Think about the scope that you've declared howmany in. It's not available on line 20. If you want a variable available in both the try and catch blocks it needs to be declared outside both of them.

There's another problem as well. What if line 8 throws the InputMismatchException?
avery key
Greenhorn

Joined: Aug 06, 2012
Posts: 8
Matthew Brown wrote:Think about the scope that you've declared howmany in. It's not available on line 20. If you want a variable available in both the try and catch blocks it needs to be declared outside both of them.

There's another problem as well. What if line 8 throws the InputMismatchException?


I moved some stuff around and I get that InputMismatchException now, my catch is not grabbing it.
I tried moving just the catch and that gave me the error "catch without try", then I moved try up top to fix the error.

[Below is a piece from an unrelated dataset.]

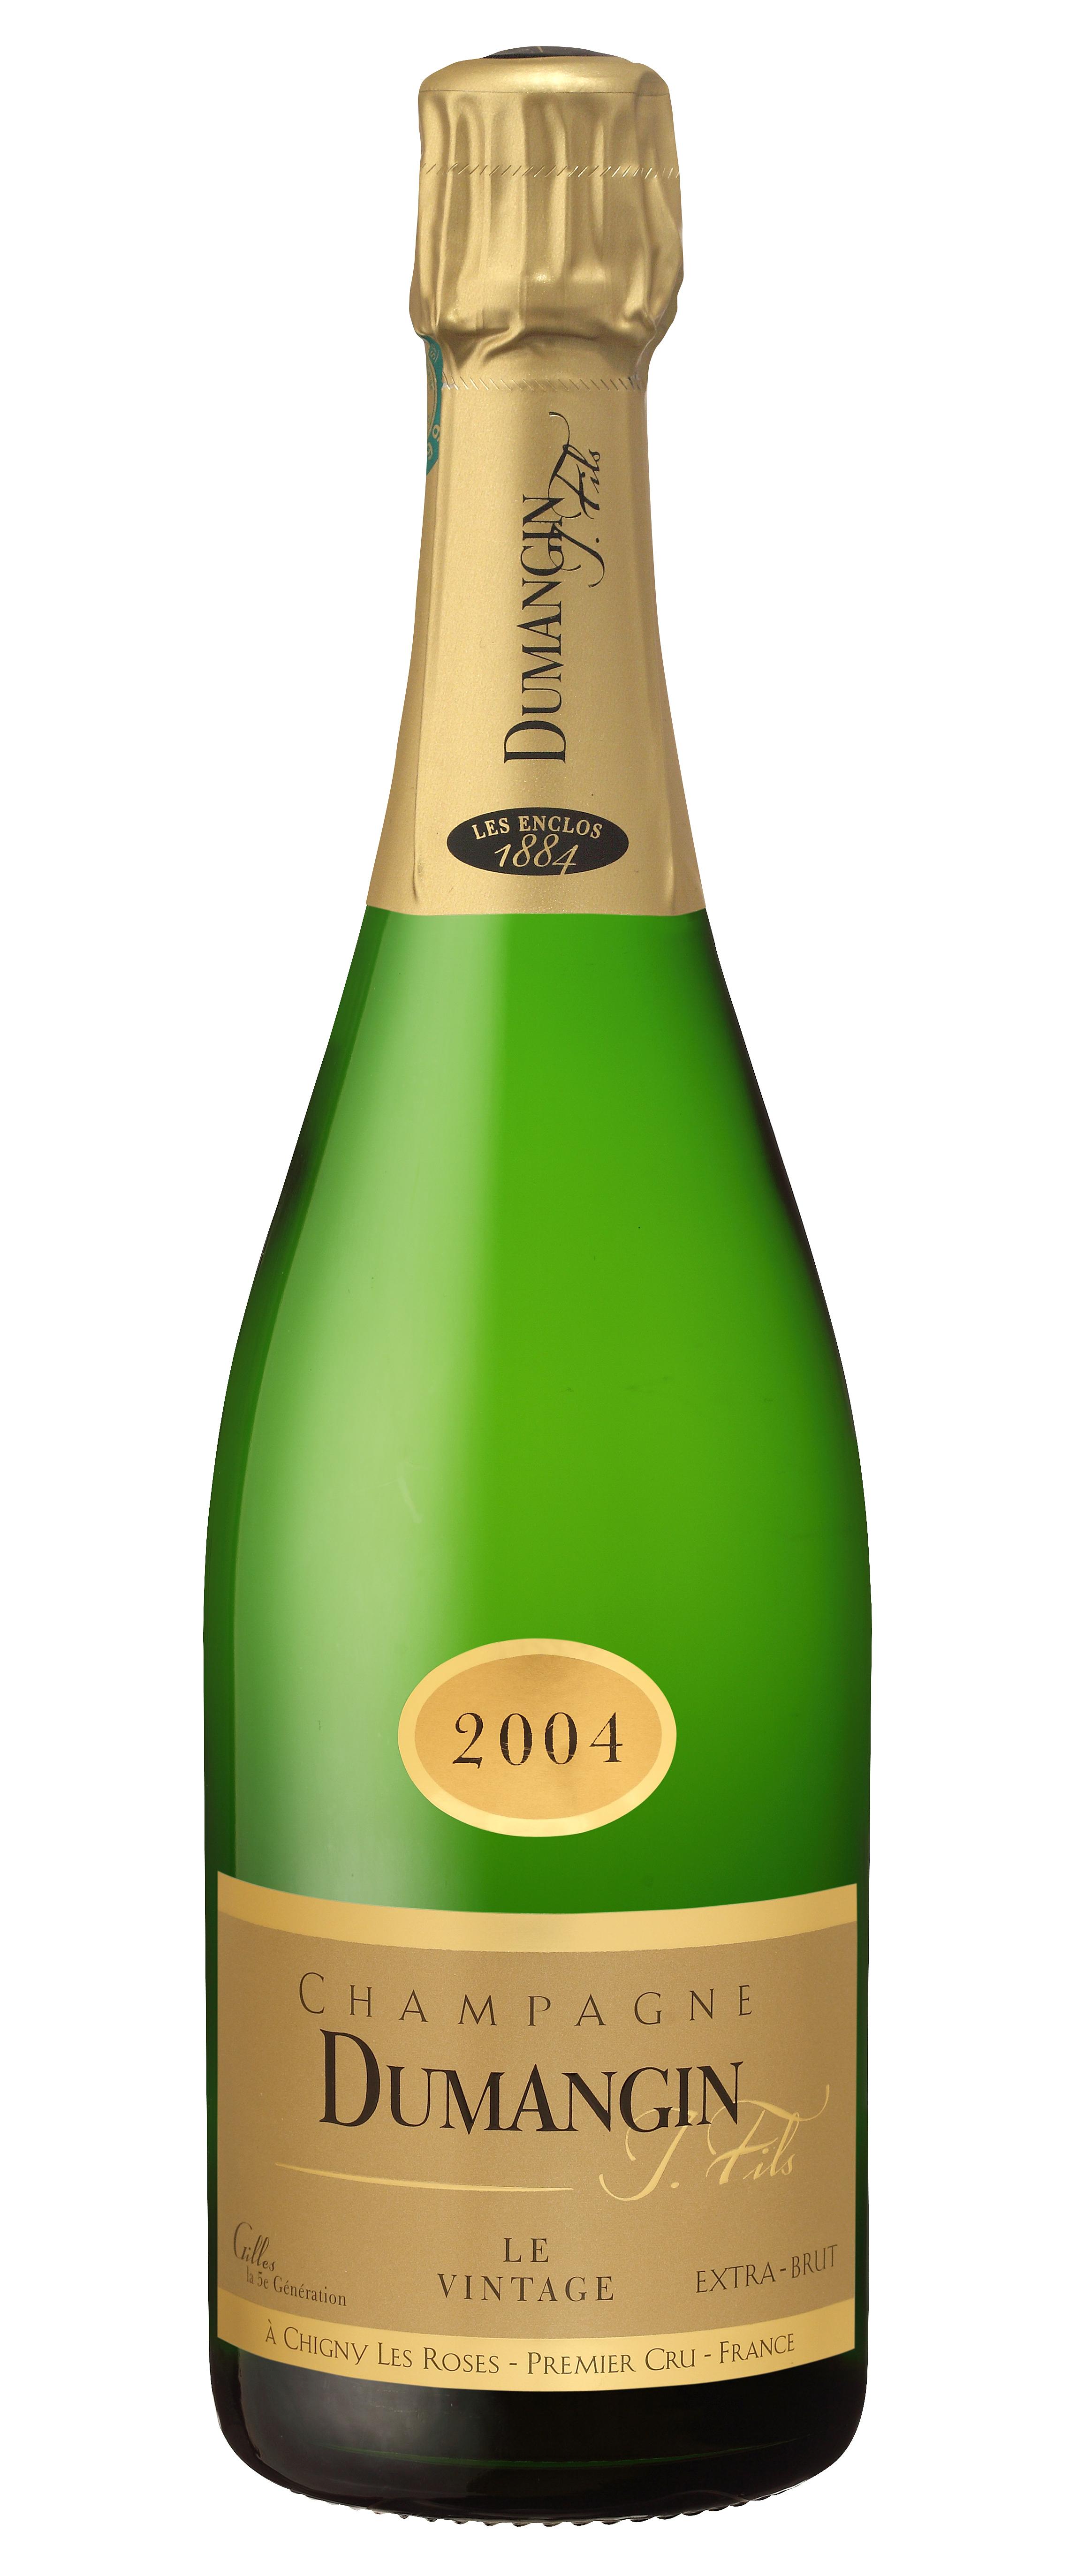 Le Vintage 2004 00021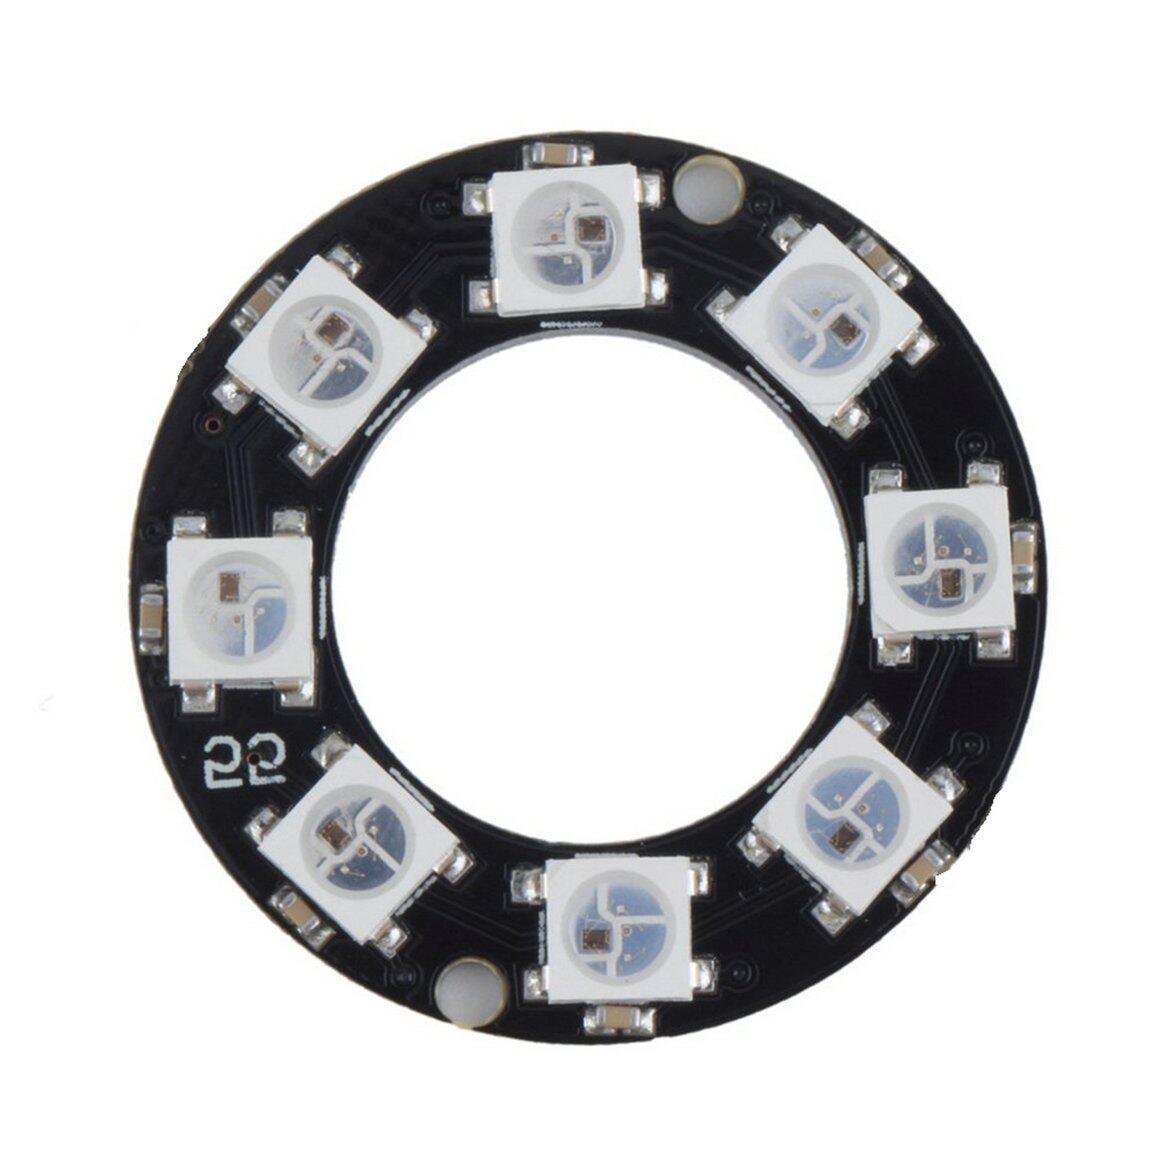 Vòng LED RGB bán chạy nhất WS2812 5050 RGB LED cho Arduino

The code that is in the try is the only stuff that will be caught, if I move the howmany variable inside the try I will get errors because the availability ends after the try bracket.

I am not sure what to do about this.

Jan Hoppmann
Ranch Hand

Joined: Jul 19, 2010
Posts: 147

You could declare and initiliaze howmany outside of the try block (with 0, for example), and then assign it in the try block. The scope will be larger, and everything you want in the try block is in it.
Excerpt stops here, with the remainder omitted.